My program reads the constraints from a smt2 file, and all the variables are defined as an array. For example
(declare-fun x () (Array (_ BitVec 32) (_ BitVec 8) ) )
(declare-fun y () (Array (_ BitVec 32) (_ BitVec 8) ) )
(assert (bvslt (concat (select x (_ bv3 32) ) (concat (select x (_ bv2 32) ) (concat (select x (_ bv1 32) ) (select x (_ bv0 32) ) ) ) ) (concat (select y (_ bv3 32) ) (concat (select y (_ bv2 32) ) (concat (select y (_ bv1 32) ) (select y (_ bv0 32) ) ) ) ) ) )
(check-sat)
(exit)
Some other constraints are omitted.
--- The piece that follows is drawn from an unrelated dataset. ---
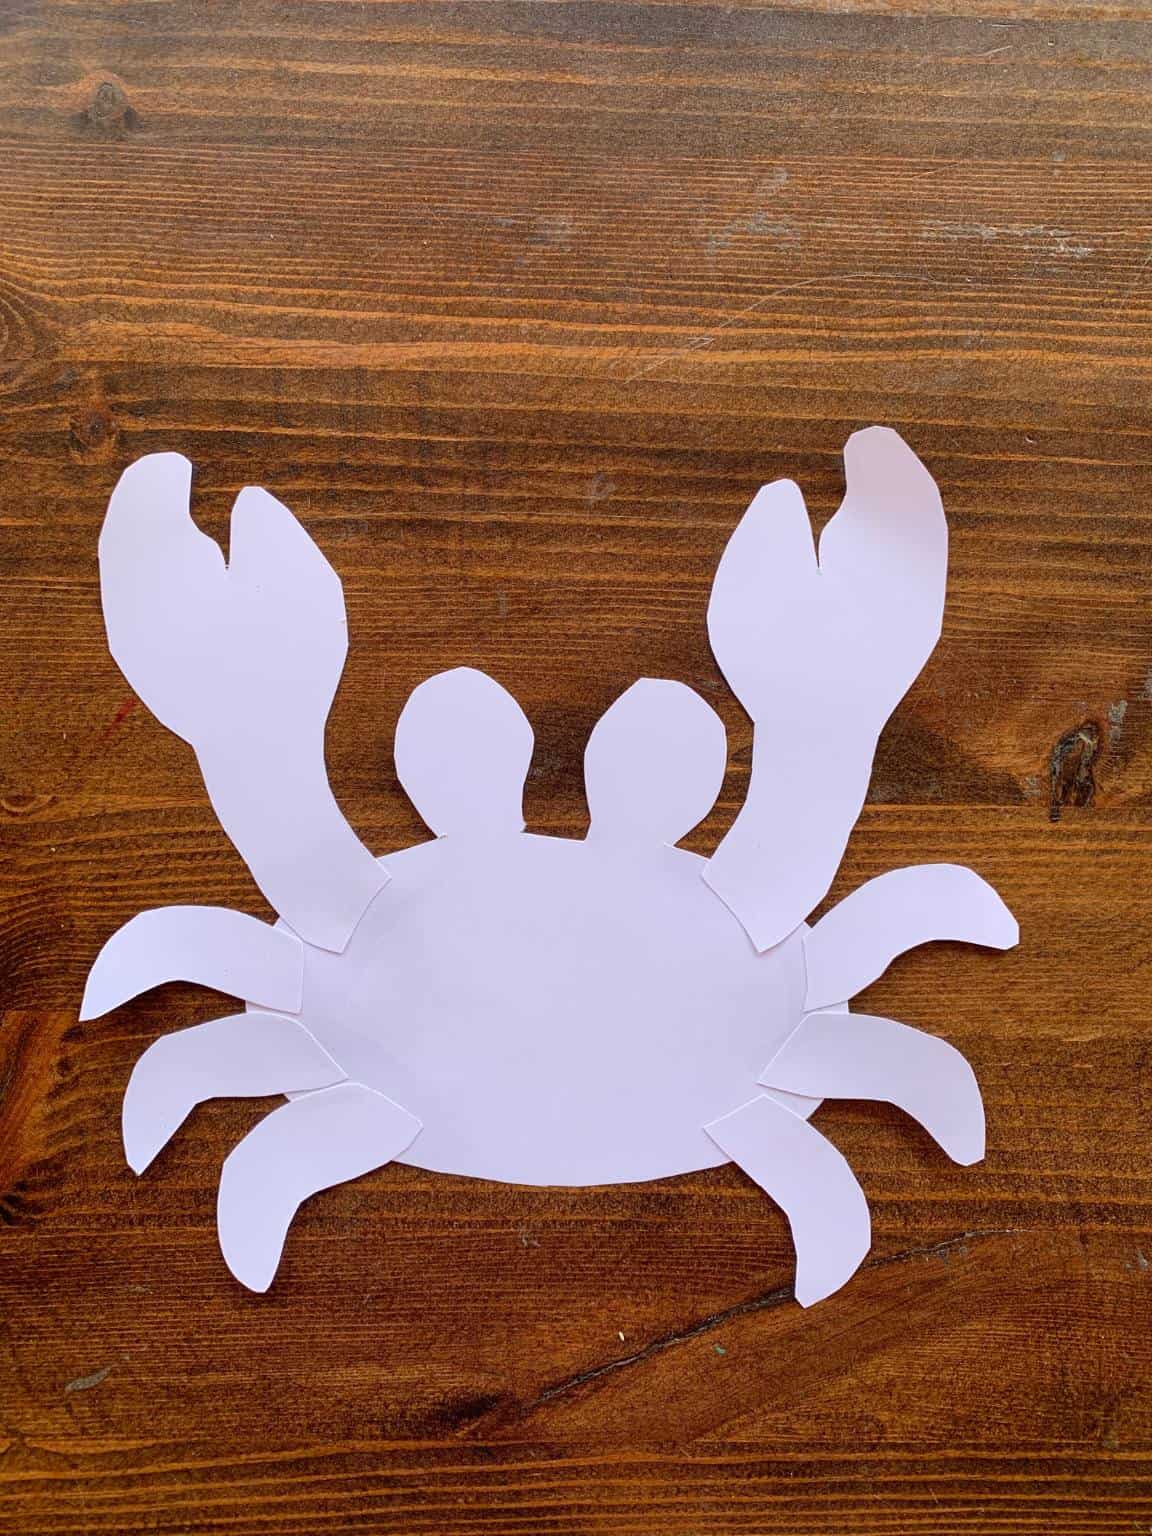 A photo of the back of a cut and paste crab craft

Sometimes the solver gives a value of x as:
(store (store (store ((as const (Array (_ BitVec 32) (_ BitVec 8))) #xfe)
#x00000002
#x00)
#x00000001
#xff)
#x00000003
#x80)
According to the definition, each element of the array is a hex value, so the value should be 0x8000fffe. This value is beyond the upper bounds of integer in C++. When I covert it back to int, it is a negative value. So I guess Z3 treats all variables defined by an array as unsigned int. For example, if the constraint is x > y, the solver may give x = 0x8000fffe and y = 0x00000001. The values satisfy the constraint in unsigned comparison, but when conducting a signed comparison, x is negative and y is positive so it is wrong. I am wondering if there is a way to tell the solver that the numbers are signed when defining them as an array?
Added 22:26:43 09/14/2019 I got two smt2 files, one is
(set-logic QF_AUFBV )
(declare-fun x () (Array (_ BitVec 32) (_ BitVec 8) ) )
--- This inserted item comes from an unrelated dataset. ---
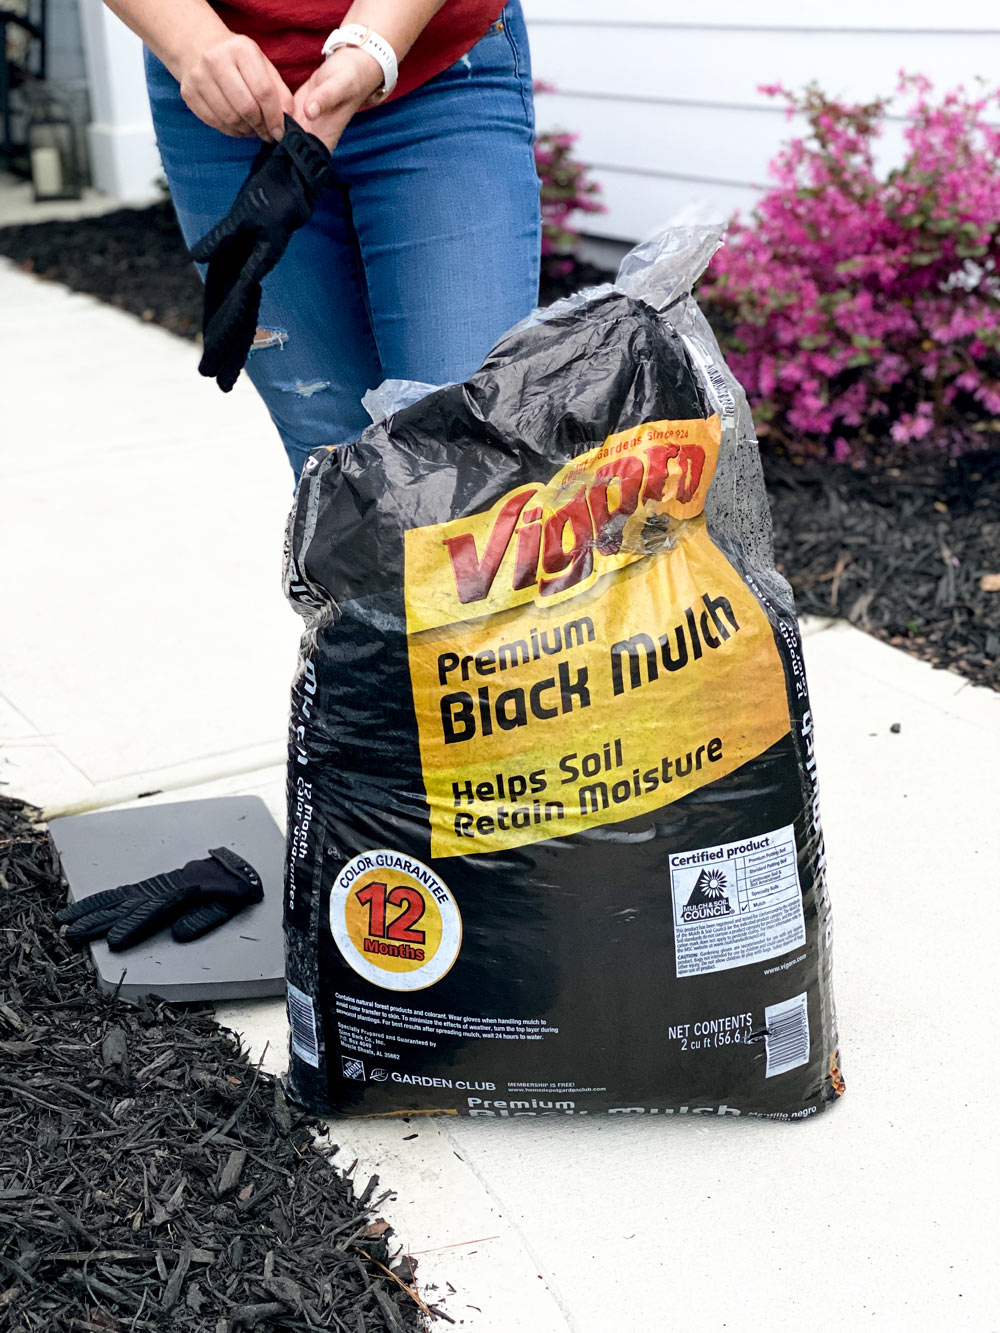 Person putting on gloves for Vigoro Black Mulch.

(declare-fun y () (Array (_ BitVec 32) (_ BitVec 8) ) )
(assert (bvslt (concat (select x (_ bv3 32) ) (concat (select x (_ bv2 32) ) (concat (select x (_ bv1 32) ) (select x (_ bv0 32) ) ) ) ) (concat (select y (_ bv3 32) ) (concat (select y (_ bv2 32) ) (concat (select y (_ bv1 32) ) (select y (_ bv0 32) ) ) ) ) ) )
(check-sat)
(exit)
The constraint is simply x < y. The other one is
(set-logic QF_AUFBV )
(declare-fun x () (Array (_ BitVec 32) (_ BitVec 8) ) )
(declare-fun y () (Array (_ BitVec 32) (_ BitVec 8) ) )
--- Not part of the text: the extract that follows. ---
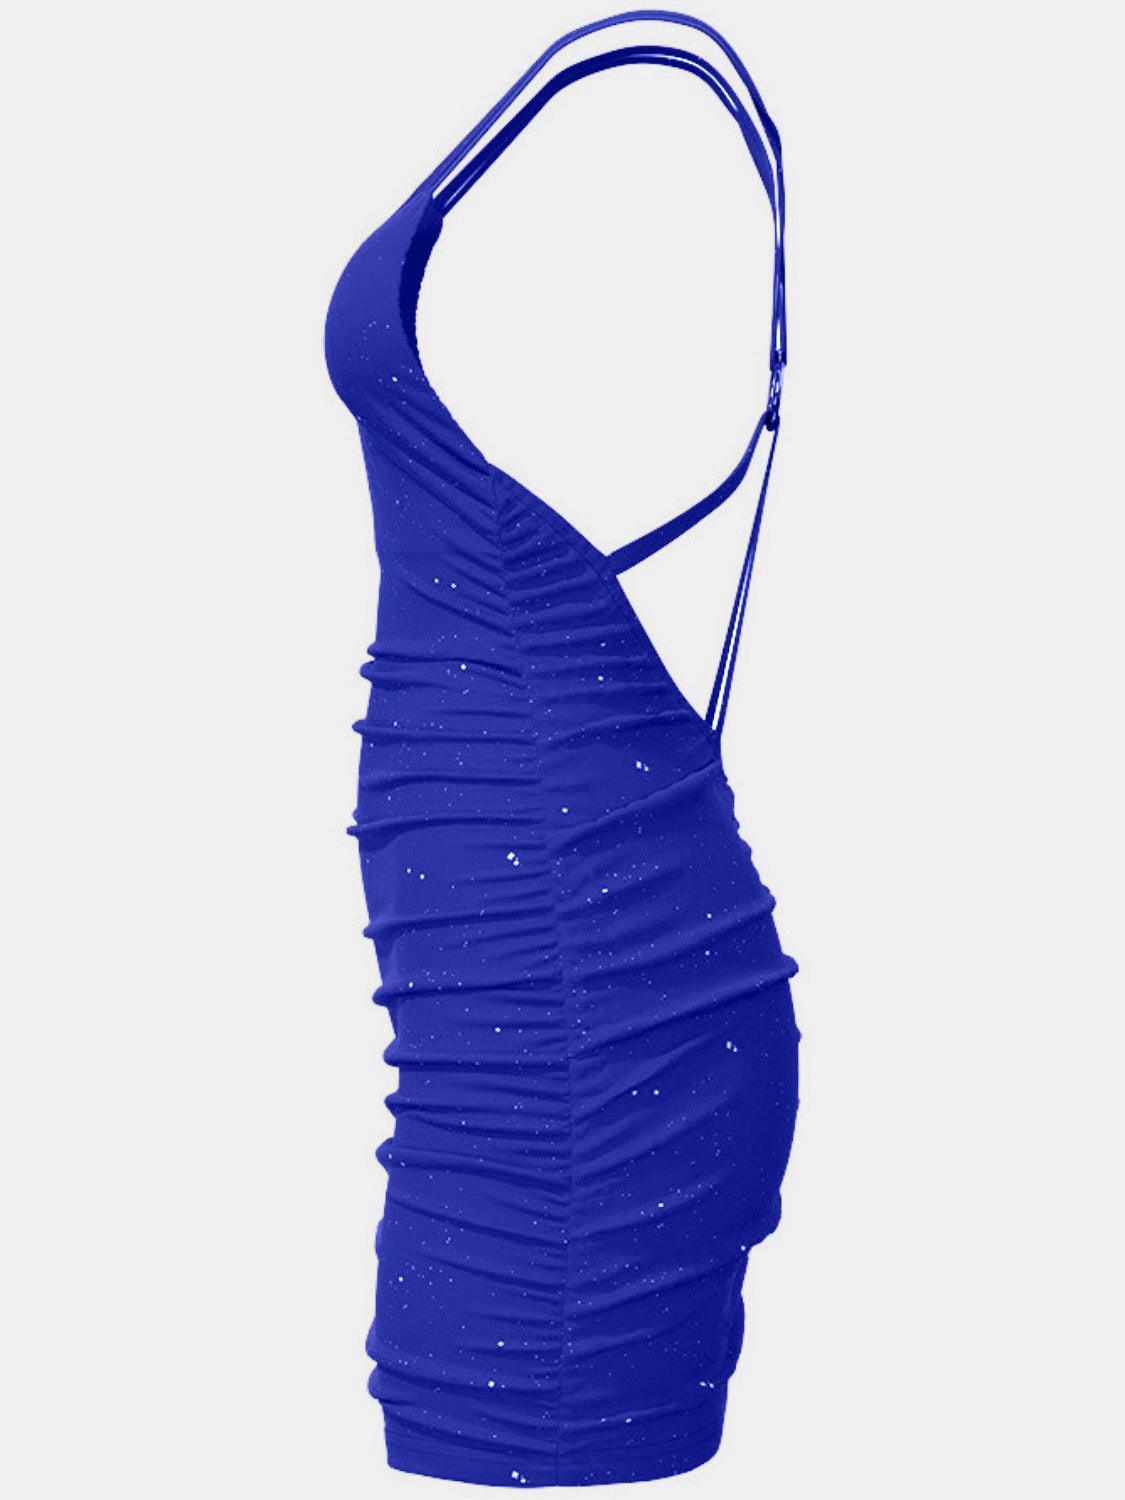 a woman's blue dress on a white background

(assert (let ( (?B1 (concat (select y (_ bv3 32) ) (concat (select y (_ bv2 32) ) (concat (select y (_ bv1 32) ) (select y (_ bv0 32) ) ) ) ) ) (?B2 (concat (select x (_ bv3 32) ) (concat (select x (_ bv2 32) ) (concat (select x (_ bv1 32) ) (select x (_ bv0 32) ) ) ) ) ) ) (let ( (?B3 (bvsub ?B1 ?B2 ) ) ) (and (and (and (and (and (= false (= (_ bv0 32) ?B2 ) ) (= false (= (_ bv0 32) ?B1 ) ) ) (= false (bvslt ?B1 ?B2 ) ) ) (= false (= (_ bv0 32) ?B3 ) ) ) (= false (bvslt ?B3 ?B2 ) ) ) (= (_ bv0 32) (bvsub ?B3 ?B2 ) ) ) ) ) )
(check-sat)
(exit)
which is
[(! (0 == x)),
(! (0 == y)),
(! ( y < x)),
(! (0 ==( y - x))),
(! (( y - x) < x)),
(0 ==(( y - x) - x)) ]
These smt2 files are generated by Klee.The solver gives
x = (store (store (store ((as const (Array (_ BitVec 32) (_ BitVec 8))) #xfe)
#x00000002
#x00)
#x00000001
#xff)
#x00000003
#x80)
y = before minimize: (store (store (store ((as const (Array (_ BitVec 32) (_ BitVec 8))) #xfc)
#x00000002
#x01)
#x00000001
#xff)
#x00000003
#x00)
so x=0x8000fffe, and y=0x0001fffc. Converted to decimal, we have x=2147549180, and y=131068. So y-x-x is-4294967296, not decimal 0. The solver thinks it is satisfied bacause 4294967296 is
1 00000000 00000000 00000000 00000000
in binary, where the "1" is the 33rd bit, and will be removed. So -4294967296 is considered 0x00 in the memory. This is the reason I asked this question. X and y should be integers, so 0x8000fffe is -0x0000fffe, aka -65534. And y is 131068. And y-x-x is apparently not 0. So in terms of integer, the values don't satisfy the constraints. The expression y - x - x seems to be computed in unsigned rules.